I am in the process of converting from 30 amp to 50 amp service since adding the second ac unit and I am considering adding one of these http://www.autoformers.com/. The park we were in over Memorial day weekend had some low voltage issues due to very high demand and this sounds like it could proect our appliances.

Does anyone have one and what has your experience been?

Thanks


----------



## HodgePodge (Apr 29, 2005)

We have the 30amp version and love it. We bought it a year and half ago and it really helps. I have rarely stayed at a campground where the voltage doesn't drop at some point when everyone starts turning on their A/C. Our unit was the one that they released at the end of 2008 (RV430 model). It has no indicator lights on it, but it has three stages of boost instead of two.


----------



## WWH (May 7, 2010)

Hodgepodge:

Did you hard wire it in and if so where did you put it?

Thanks for your feedback!


----------



## HodgePodge (Apr 29, 2005)

I didn't hardwire it. I just lock it to the electric utility pole and I have a plastic cover that goes over it to both hide it from sight and keep any rain off of the unit. It would be nice to hard wire it but there isn't any unused space inside my trailer. They are also very sketchy about the requirement for the compartment that you mount it in to be ventilated. They don't give any specifics on how much ventilation is required and I thought it best not to try the old trial and error method of finding out.


----------



## chuck&gail (Mar 8, 2010)

We love our 30 amp Hughes autoformer, had it for many years. We end up using it in about 20% of the CGs we visit. It works great. We chain ours and lock to power pole. Cover with plastic bag if it will rain.


----------



## Tangooutback (Apr 16, 2010)

I read through the ad on Hughes autoformer and am rather puzzled by its methodology. The gadget is supposed to save appliance when voltage drops by boosting voltage. However, the power need is defined by P = VI where V= voltage and I= current (amps). When V drops, current would drop as well. Compensating for V alone does not boost P to what the particular appliance is rated at in term of P (watts). The ad also does not specify how fast it boosts V. If response time is not fast enough, damage is done...especially with compressor motor...it does not help.


----------



## WWH (May 7, 2010)

Thank you all for your input.

I can't tell from their ad but do they shut down when the voltage is too low or do they continue to try to boost it?


----------



## NobleEagle (Jul 8, 2006)

WWH said:


> Hodgepodge:
> 
> Did you hard wire it in and if so where did you put it?
> 
> Thanks for your feedback!


My link

My Autoformer Install


----------



## Gilligan (Aug 25, 2006)

Tangooutback said:


> I read through the ad on Hughes autoformer and am rather puzzled by its methodology. The gadget is supposed to save appliance when voltage drops by boosting voltage. However, the power need is defined by P = VI where V= voltage and I= current (amps). When V drops, current would drop as well. Compensating for V alone does not boost P to what the particular appliance is rated at in term of P (watts). The ad also does not specify how fast it boosts V. If response time is not fast enough, damage is done...especially with compressor motor...it does not help.

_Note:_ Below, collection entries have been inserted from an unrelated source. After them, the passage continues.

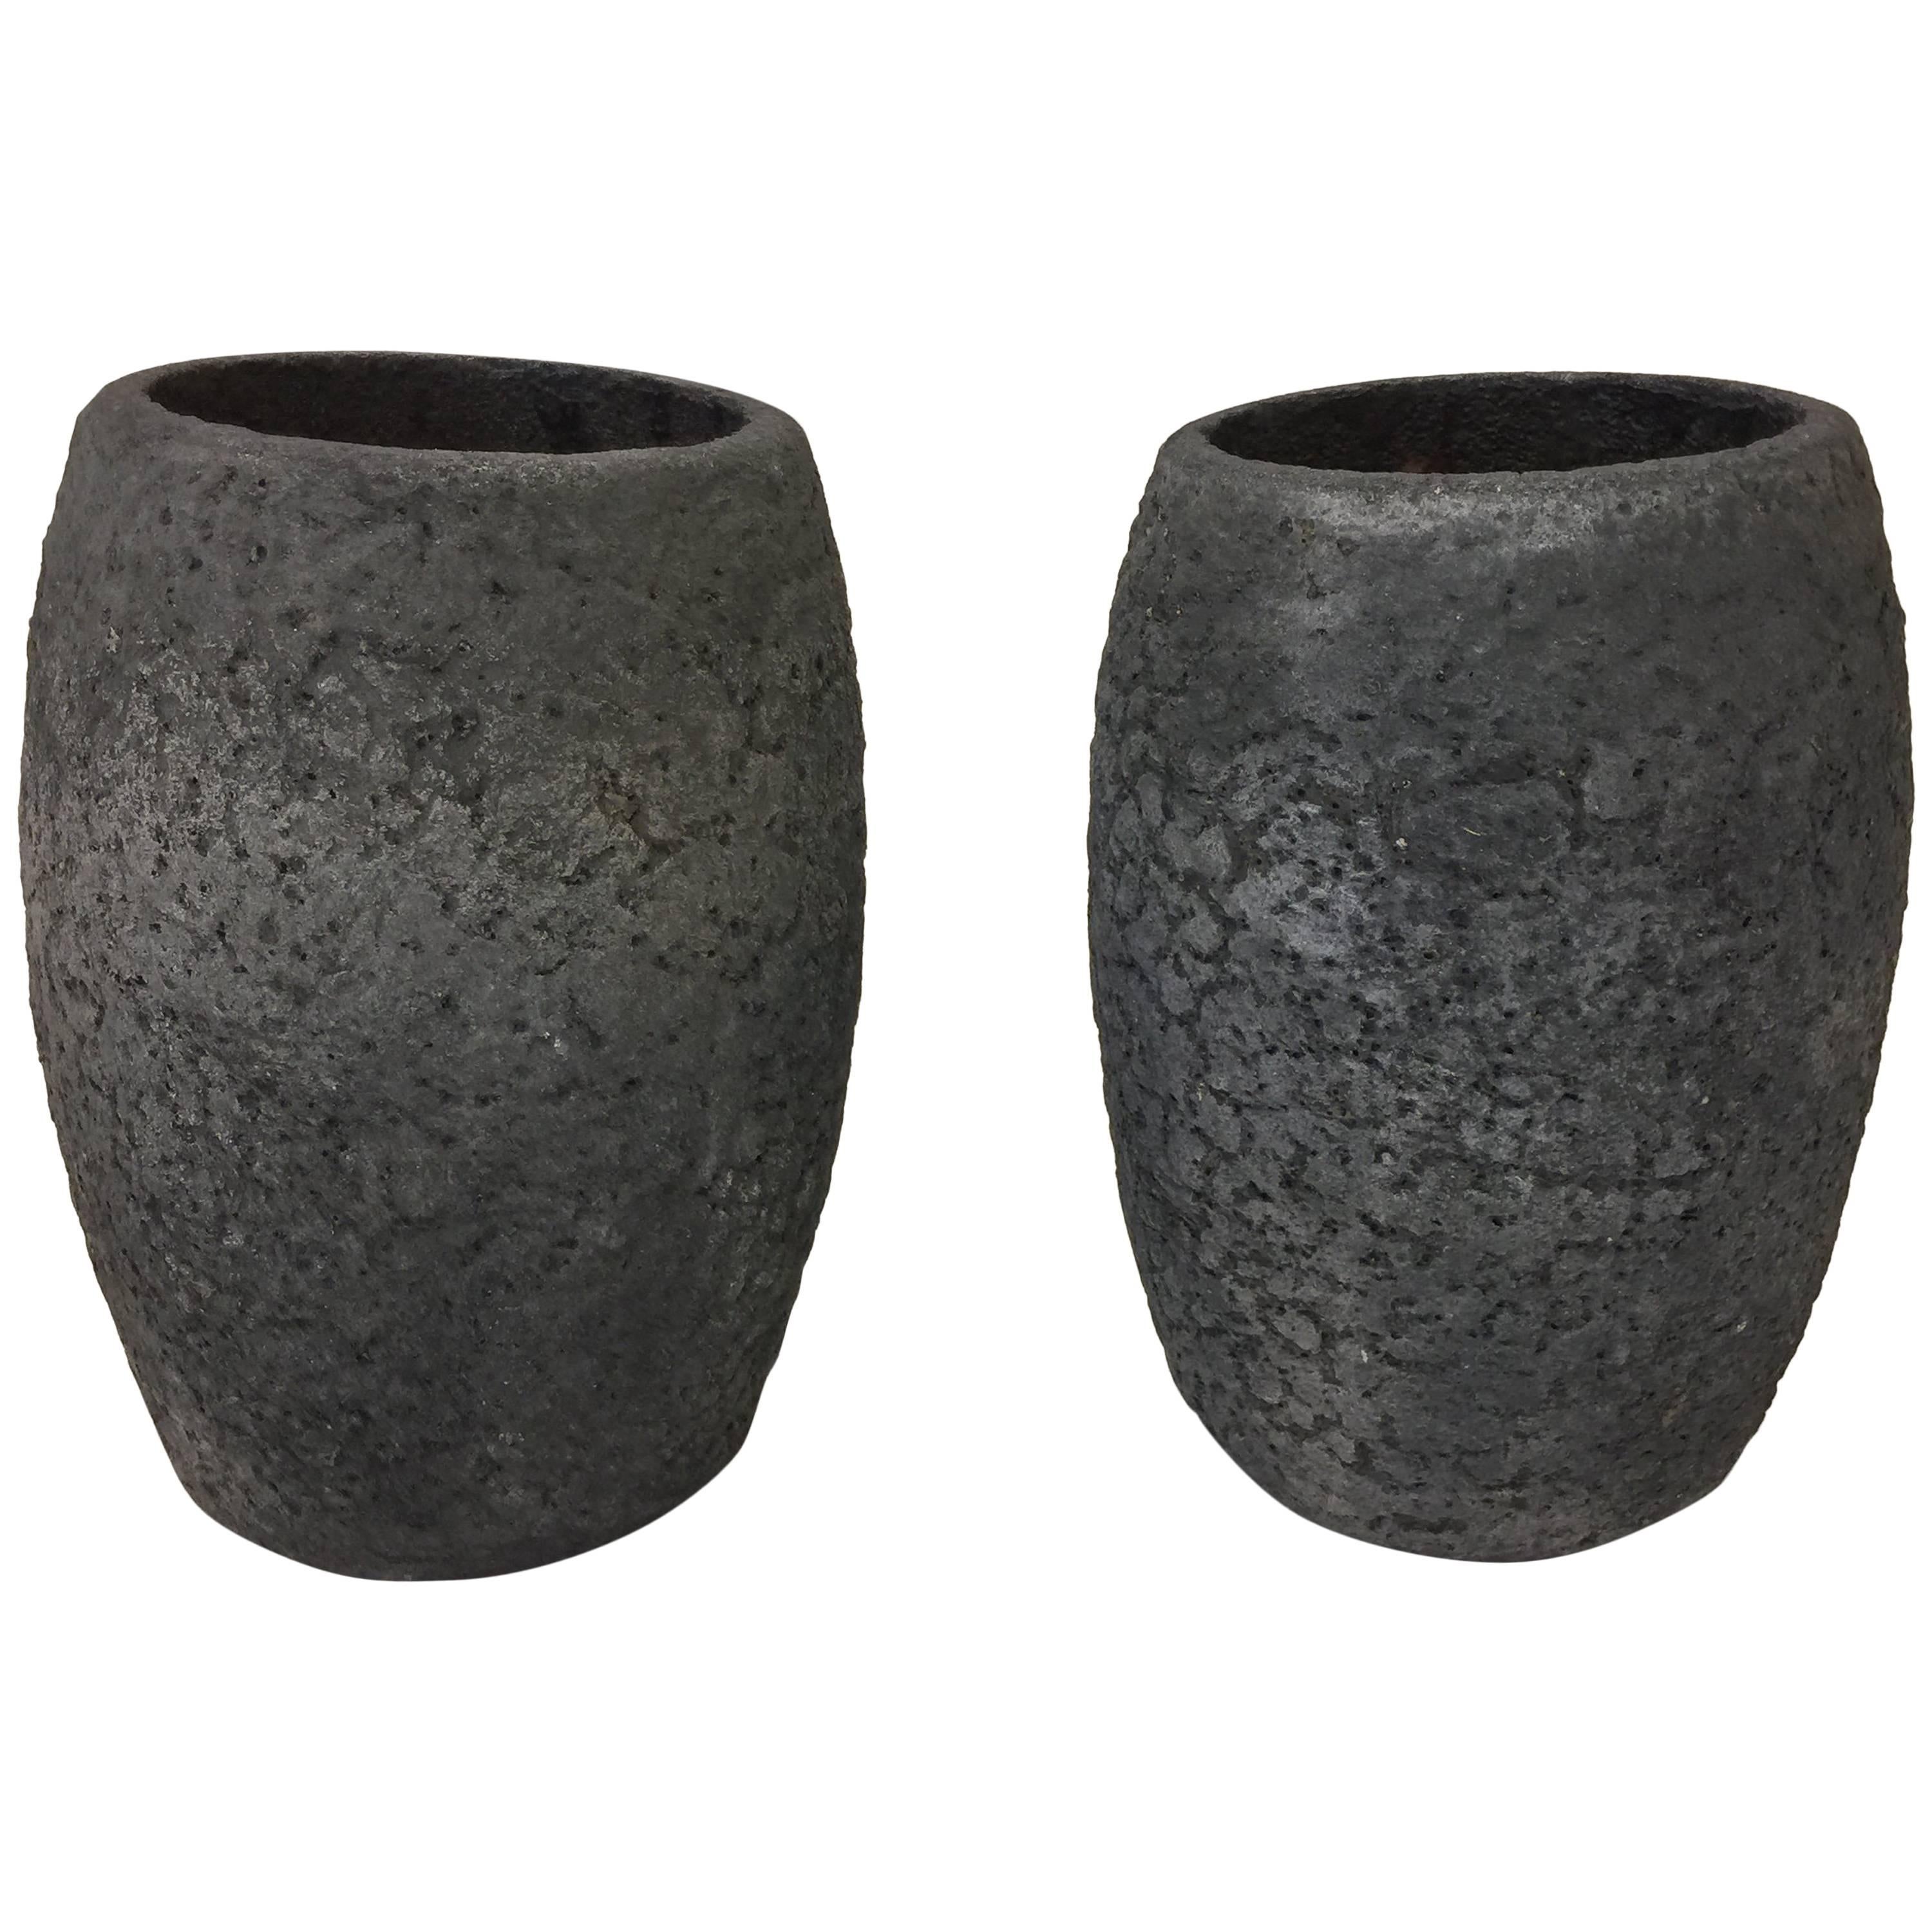 Pair of Crucibles in Volcanic Stone Textured Finish
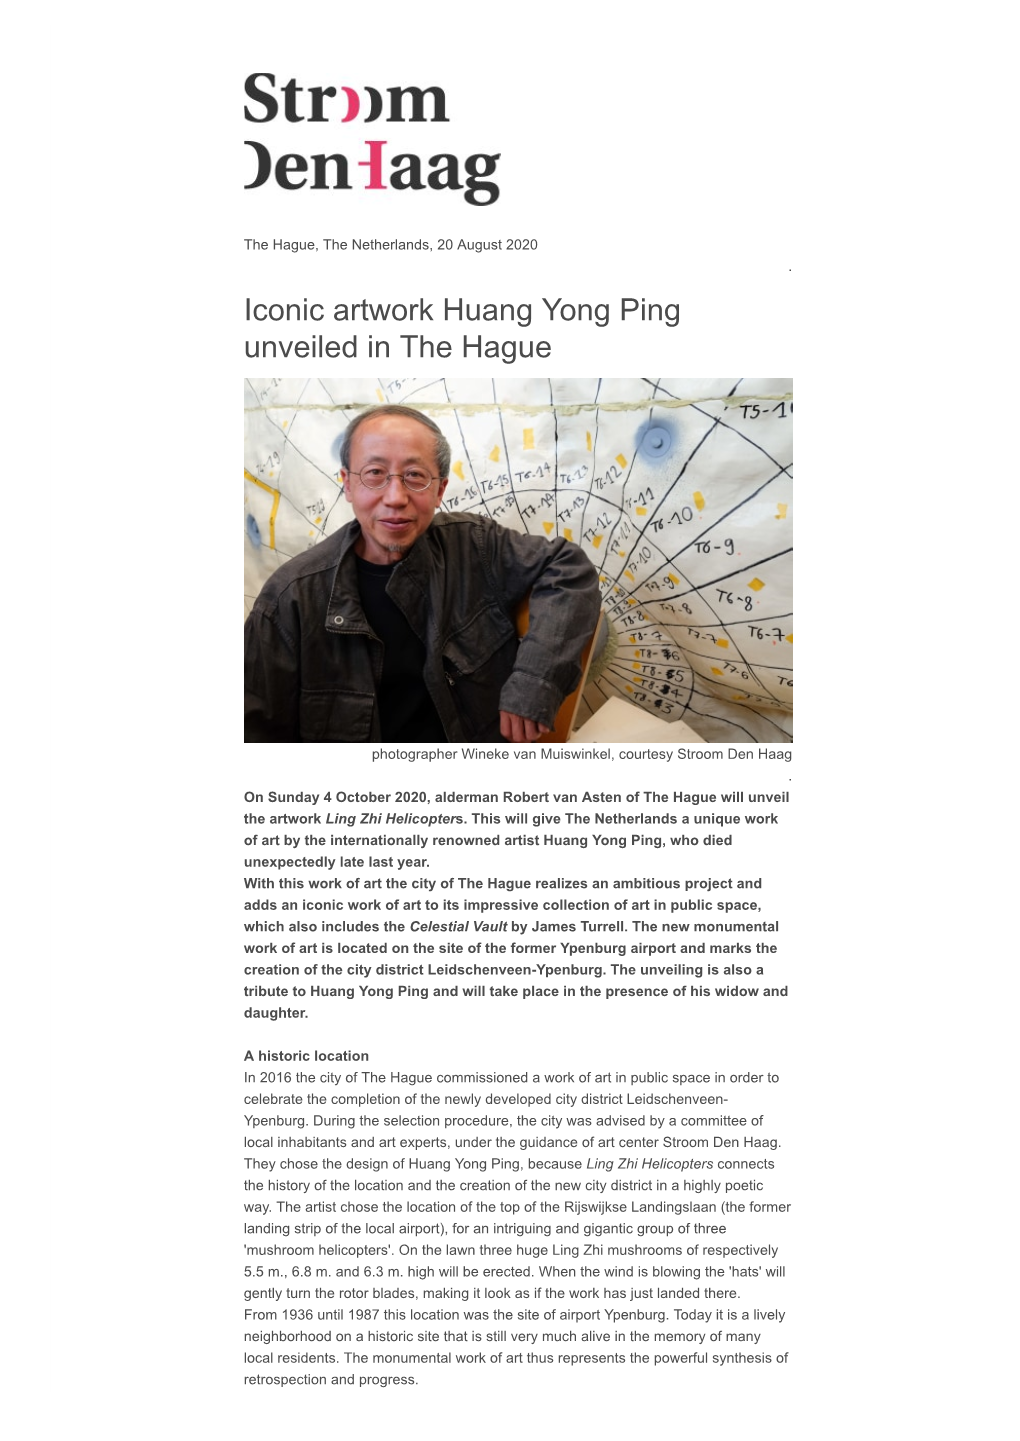 Iconic Artwork Huang Yong Ping Unveiled in the Hague
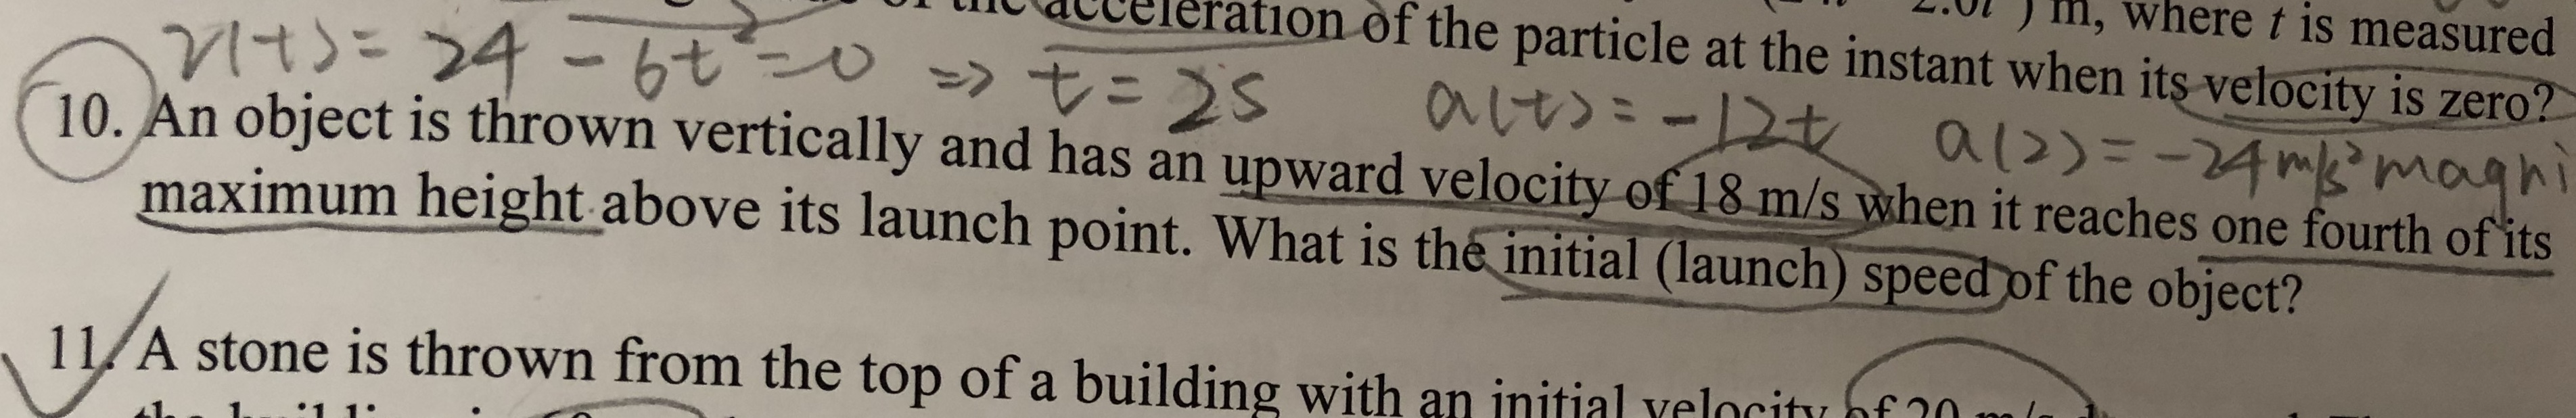 0l) m, where t is measured
lt Qtbereration of the particle at the instant when its velocity is zero?
1O. An object is thrown vertically and has an upward velocity of 18 m/s ywhen it reaches one fourth ofits
maximum height above its launch point. What is the initial (launch) speedof the object?
11/A stone is thrown from the top of a building with an initial yelociti nf 10
nitial velocity of
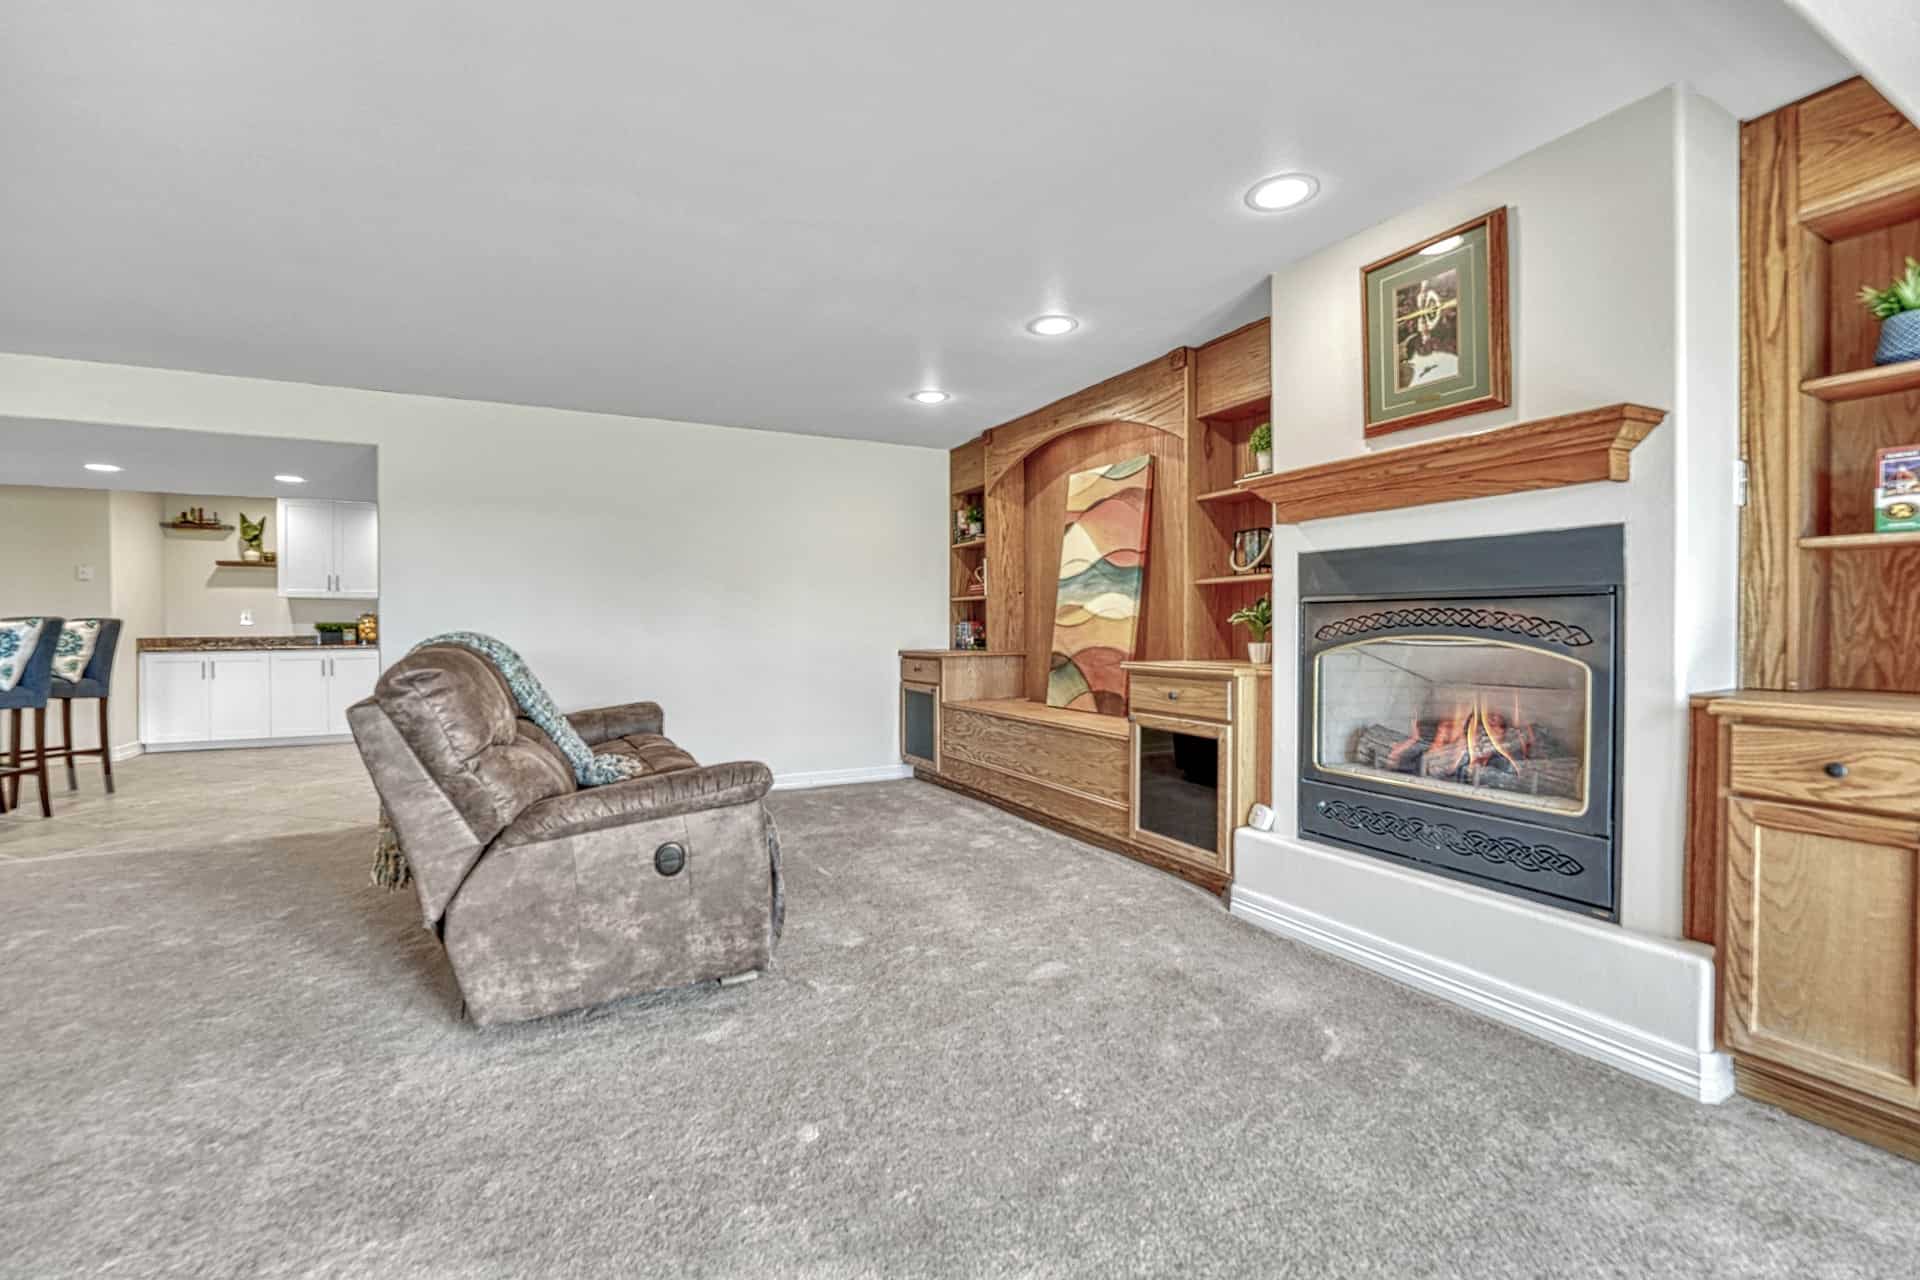 Basement TV Area with Built In Enterainment Center and Gas Log Fireplace

The faster an electric motor turns, the _LESS_ current it draws. If the voltage isn't high enough to get the motor up to speed, it will draw more current, and potentially burn up.
This is also true for anything with a switching power supply, such as the converter. Resistive loads, such as lights, do follow the I = E/R rule (lower voltage = lower current).
Y'all didn't know I was so smart, did you?









Gilligan


----------



## Tangooutback (Apr 16, 2010)

Gilligan said:


> I read through the ad on Hughes autoformer and am rather puzzled by its methodology. The gadget is supposed to save appliance when voltage drops by boosting voltage. However, the power need is defined by P = VI where V= voltage and I= current (amps). When V drops, current would drop as well. Compensating for V alone does not boost P to what the particular appliance is rated at in term of P (watts). The ad also does not specify how fast it boosts V. If response time is not fast enough, damage is done...especially with compressor motor...it does not help.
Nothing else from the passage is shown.